Sono agli inizi. La prima volta che ho sentito parlare di gamification è stato poco tempo fa. Dai banchi universitari Roberta Migliori (il nome vi dice qualcosa?) mi ha dato una cornice di riferimento entro cui collocare i video di campagne marketing che sbucano di tanto in tanto sulle bacheche dei social. Sono entrata nel mondo della gamification attraverso un’esercitazione del corso di Comunicazione d’Impresa, che mi ha permesso di conoscere Annalisa Galardi e di arrivare in Wingage come stagista.

Ho trascorso qui due mesi, che sono valsi quanto un corso in università. Ho imparato tanto e ricevuto stimoli per migliorare. Nell’ambito del mio tirocinio mi sono dedicata alla fase finale di Enterprise Gamification Meter, la prima indagine italiana sull’impiego della gamification per l’employee engagement. Ho supportato il team nell’elaborazione dei dati ottenuti dalla ricerca quantitativa e qualitativa e nella stesura del report. Mi sono occupata anche della diffusione sui social network dell’indagine e dell’evento ad essa dedicato.
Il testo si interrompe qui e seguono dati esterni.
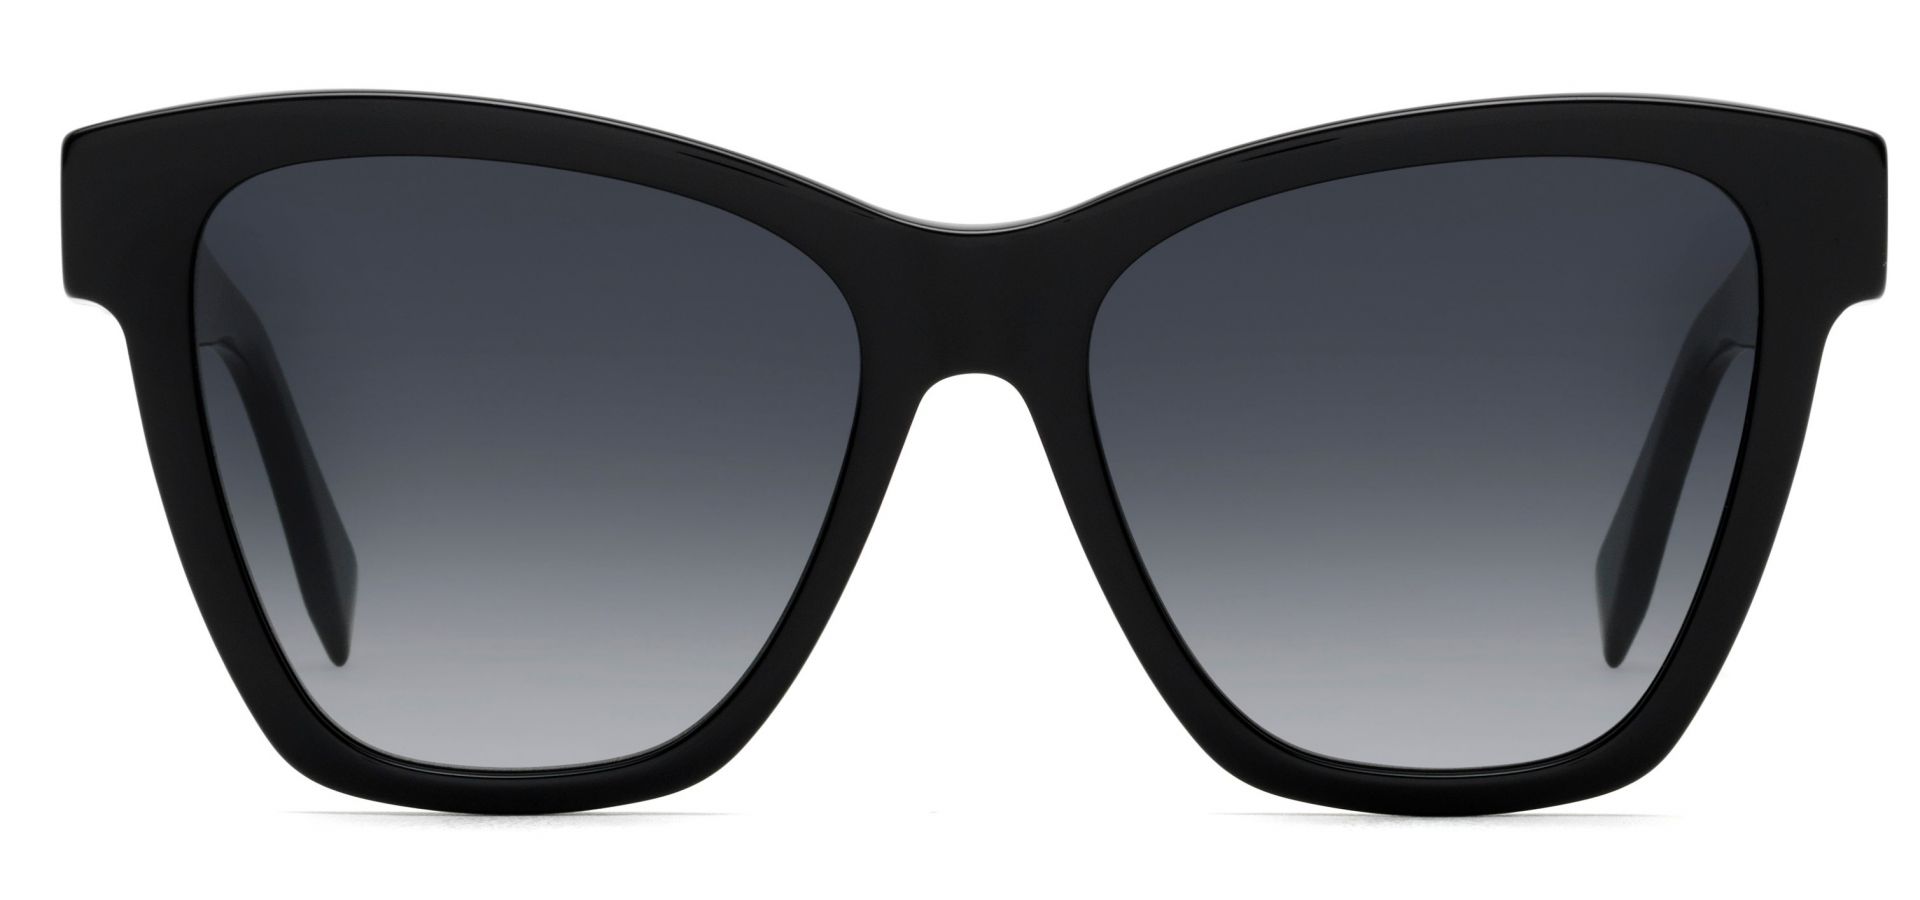 Sunčane naočale Fendi FF 0289/S: Boja: Black, Veličina: 55-17-140, Spol: ženske, Materijal: acetat, Vrsta leće: nepolarizirane

In questi mesi ho cercato di informarmi e formarmi sul tema addentrandomi nella sua vastità. Ho letto libri e blog. Mi sono imbattuta in alcune esperienze che mi hanno particolarmente affascinata. Tra queste c’è quella messa in atto da Knab, una banca belga, che ha creato un percorso gamificato per i propri dipendenti dell’area del contact center con lo scopo di aumentarne le competenze e le conoscenze. Oltre all’obiettivo formativo, però, Knab ha anche studiato un modo per permettere un incremento di salario legato alla performance di gamification dell’utente.

Il dipendente del contact center deve sviluppare tre caratteristiche: capacità, conoscenza ed energia. I comportamenti vengono valutati sulla base dei KPI, dell’integrazione della Knowledge Base e della soddisfazione dei clienti raggiunti. Sono compresi, inoltre, riconoscimenti e badge per skills aggiuntive. I punteggi accumulati da ciascun utente si integrano in una classifica, in modo tale da poter confrontare il proprio avanzamento con quello degli altri giocatori e salire di categoria, accedendo a missioni e quiz sempre più complessi. Knab ha coniugato l’innovazione formativa e la comunicazione interna dell’azienda con lo strumento della gamification, in un sistema strutturato e perfettamente integrato. Inoltre recentemente l’impianto è stato arricchito nel desk-service dell’azienda Knab.

Casi come questo mi affascinano e mi spingono a volerne sapere sempre di più. Wingage ha messo il turbo alla mia voglia di imparare e di mettermi in gioco (in tutti i sensi!). Ringrazio dell’esperienza, sperando che questo non sia un addio ma un arrivederci.